There are several equivalent ways of visualizing what is going on in the CW circuit, but the key things to remember are that the capacitors store the charge (differential) and the diodes force the AC to feed forward and charge each capacitor in sequence. The charging time can be adjusted by adjusting the time constants for each capacitor in the circuit relative to the AC cycle frequency (60 hz in the US).

The device would build up charge twice as quickly if one instead uses a full-wave design (which is analogous to a full-wave bridge rectifier), because it would then take advantage of the negative swing of the AC sine wave, which gets lopped off by the first diode in the half-wave version.

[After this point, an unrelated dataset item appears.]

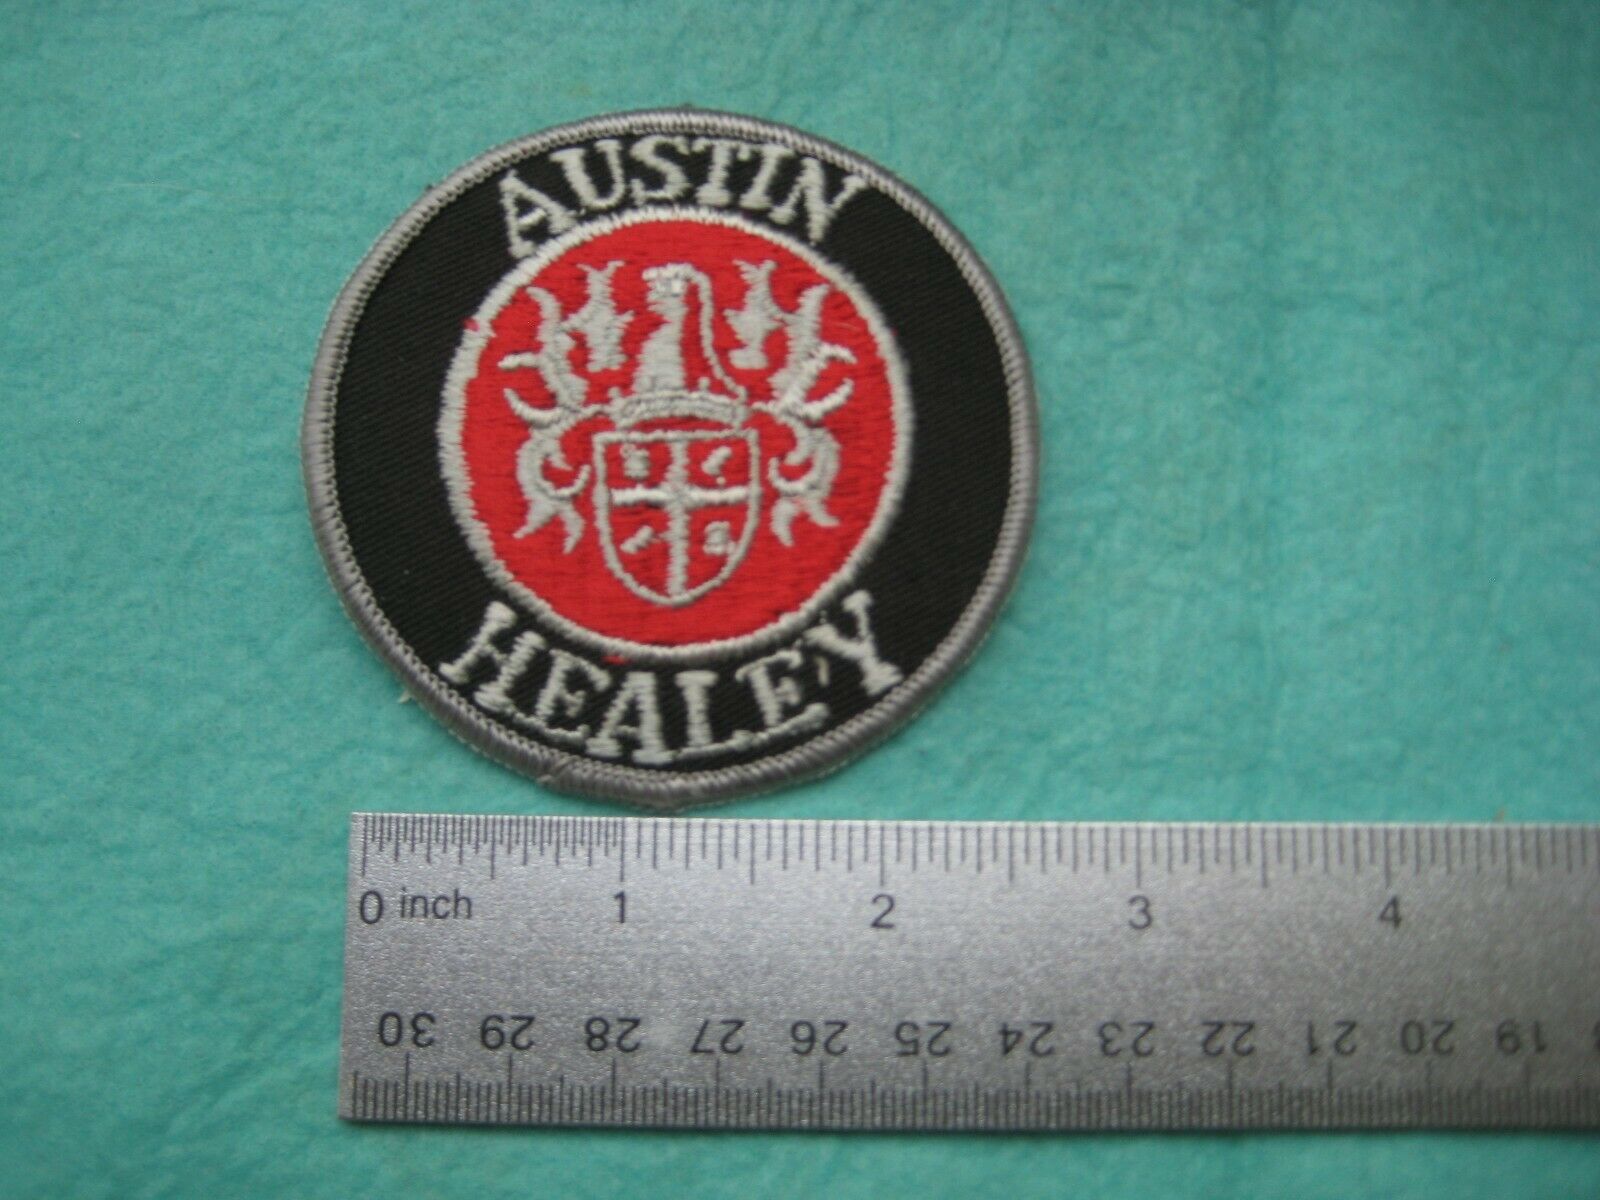 Vintage Austin Healey  Service Parts Dealer Uniform Hat Patch

I the video above, I have added a switch and fuse for safety reasons (visible in the upper-left hand portion of the screen; I used a plastic lid as a base for the two components). In the first cut, the ~1 mm spark regularly produced by the device is visible. This spark can be used to drive continuously an 8 inch fluorescent tube (shown in the second section), but, curiously, the frequency of the pulses through the fluorescence in the tube depends on the proximity of other conducting objects—in the fourth clip, it is apparent that touching pliers to the glass reduces the frequency of the pulses, rather than increasing them as I would have expected. My best guess for the cause of this effect is charge build-up on the glass interior beneath the metal, leading to low-frequency discharge for the same reason that high-voltage capacitors decrease the sparking frequency in the primary circuit of a spark-gap Tesla coil. The last clip shows the device discharging through a 1 inch xenon flash tube salvaged from a disposable camera. The firing frequency is low due to the relatively large distance that the spark has to cover, despite the low dielectric constant of xenon gas. In other tests, I’ve noticed that large spark gaps that require charge build-up over periods longer than the ~3-5 s for the flash tube will generally result in short circuits occurring upstream in the capacitors in the CW, which probably cause damage to the solder joints and possible the capacitor ceramic due to dielectric breakdown.

Cockroft-Walton generators have a special significance in the history of physics because they were used to generate steering currents in one of the earliest particle accelerators, enabling their creators to win the first Nobel Prize in Physics ever given to a collider project. For this reason, one of the first large-scale CW multipliers (manufactured by Philips Co.) is prominently displayed in the National Science Museum in London:


A Cockroft-Walton generator built in 1937 by Philips of Eindhoven. National Science Museum, London, England.

A Cockroft-Walton generator built in 1937 by Philips of Eindhoven. National Science Museum, London, England. Image from Wikimedia Commons.